» **TRY IT**: Images should not appear in the copy, yet every line of the listing below must be printed exactly.

» **COLLECTED DATA**:

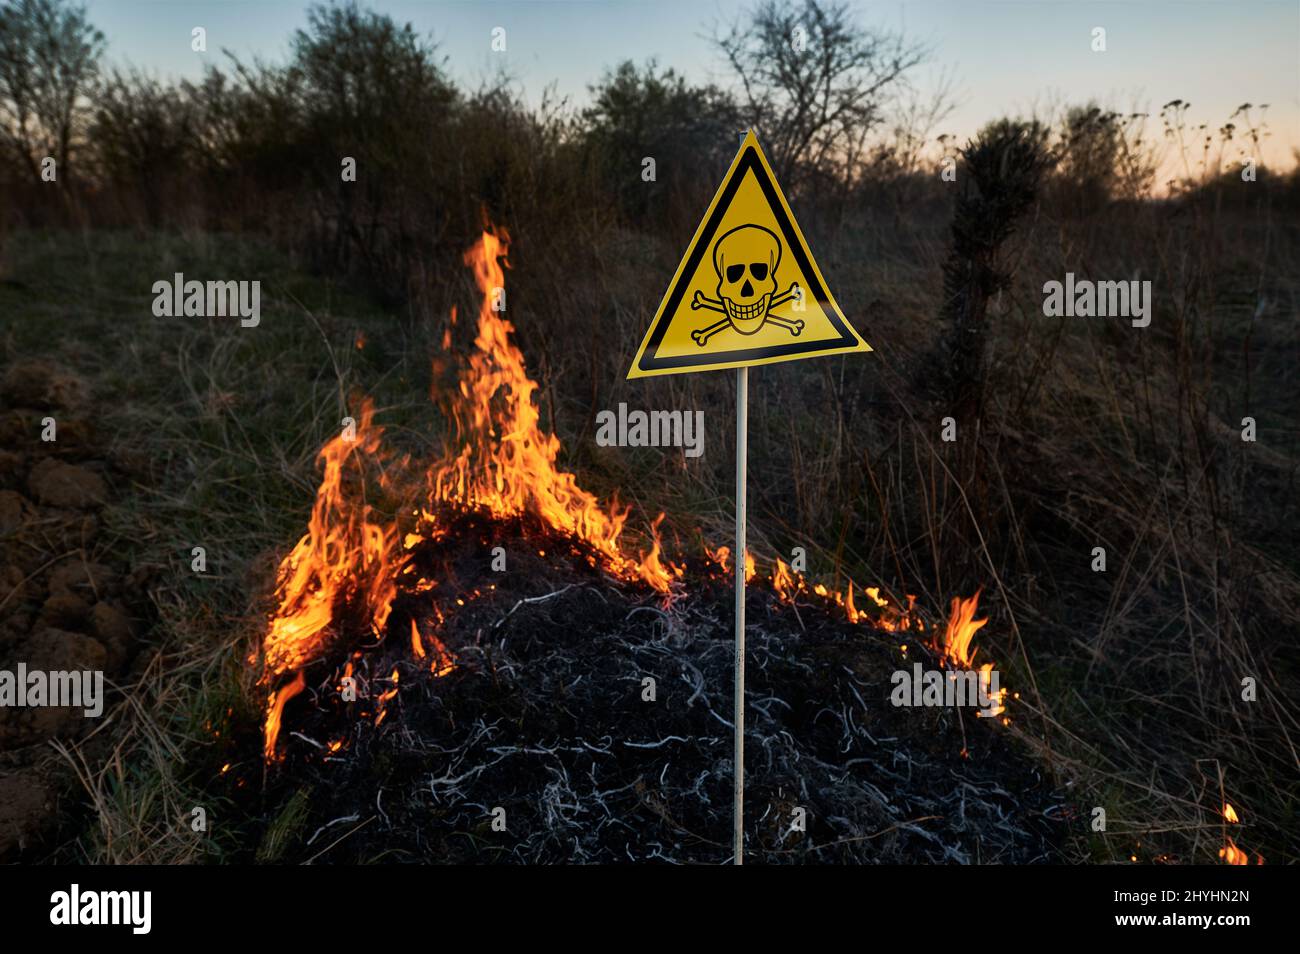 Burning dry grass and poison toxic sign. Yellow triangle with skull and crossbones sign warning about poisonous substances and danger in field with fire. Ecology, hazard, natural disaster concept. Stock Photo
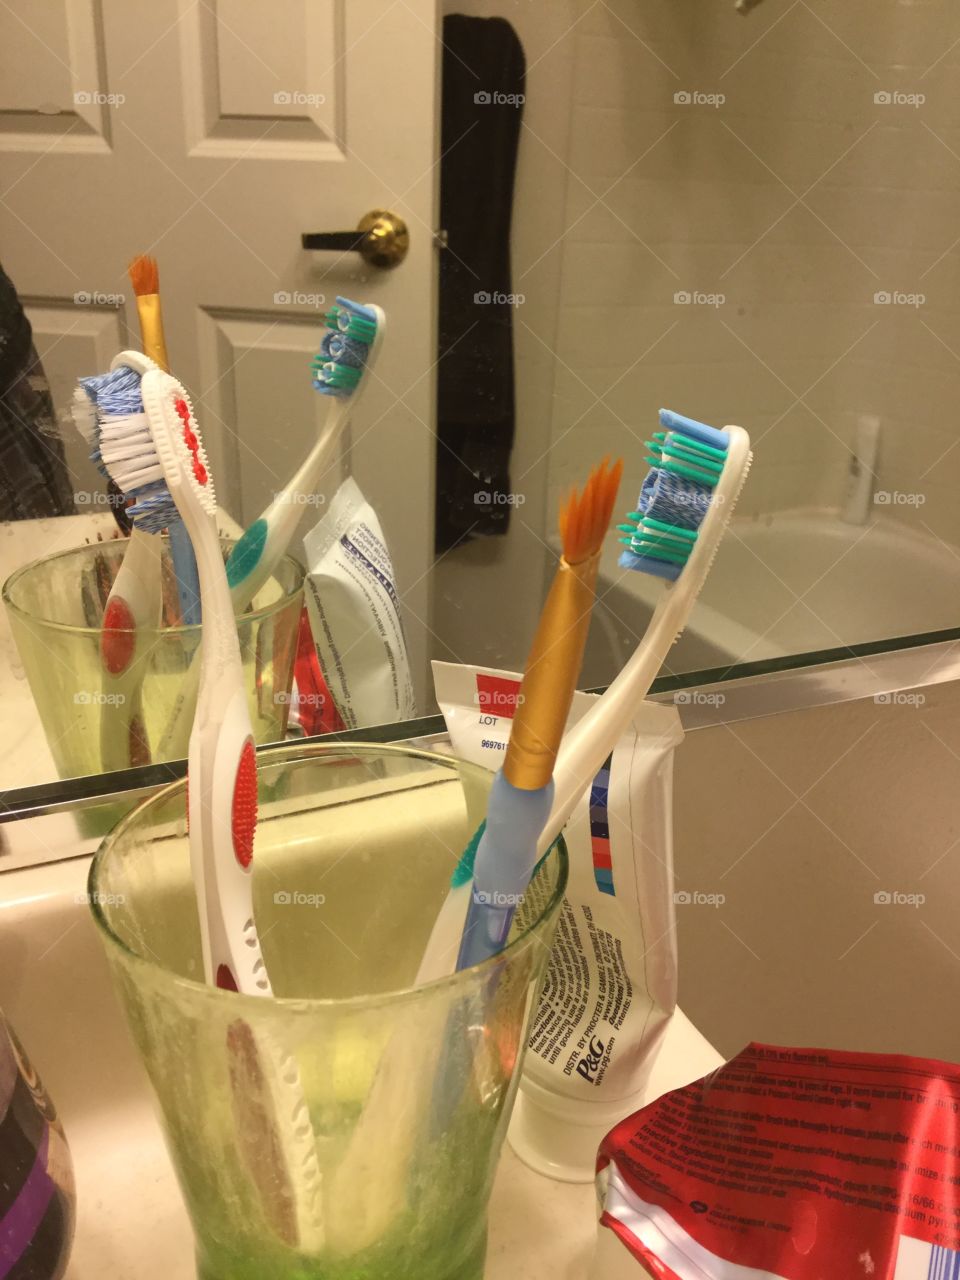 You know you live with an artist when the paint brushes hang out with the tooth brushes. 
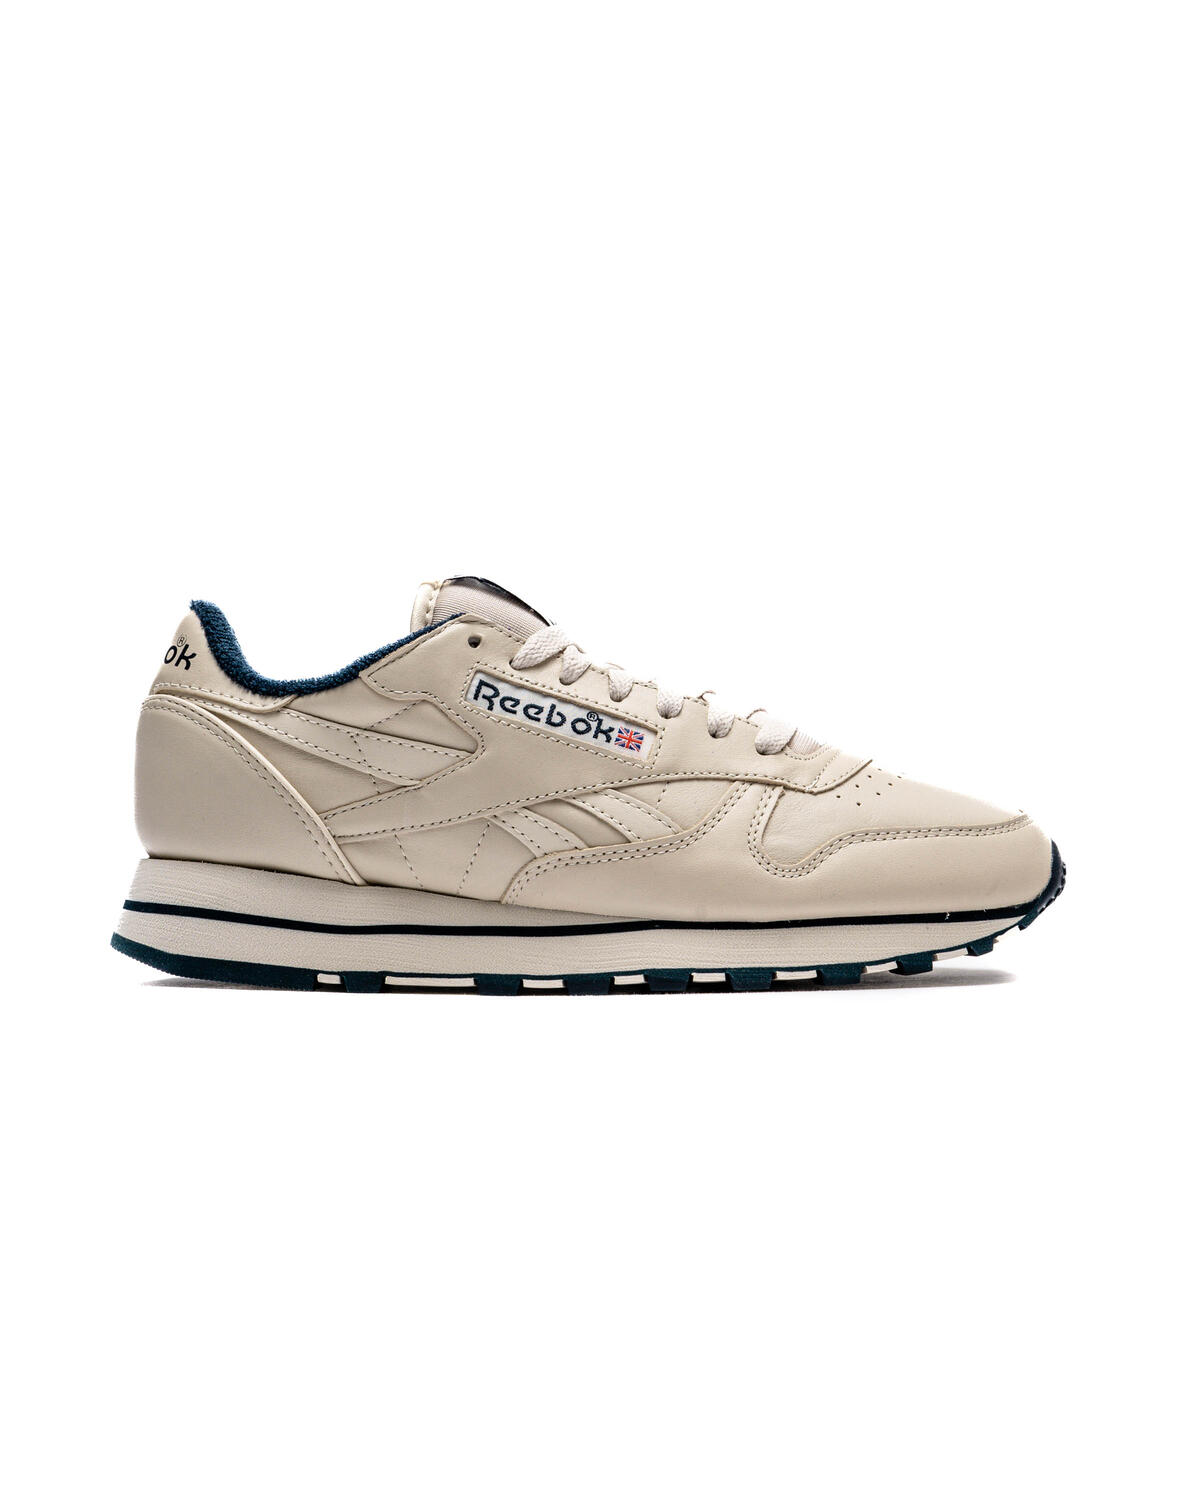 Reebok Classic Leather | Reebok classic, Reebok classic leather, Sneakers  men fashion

» **RESULT**:
 Burning dry grass and poison toxic sign. Yellow triangle with skull and crossbones sign warning about poisonous substances and danger in field with fire. Ecology, hazard, natural disaster concept. Stock Photo
 You know you live with an artist when the paint brushes hang out with the tooth brushes. 
 Reebok Classic Leather | Reebok classic, Reebok classic leather, Sneakers  men fashion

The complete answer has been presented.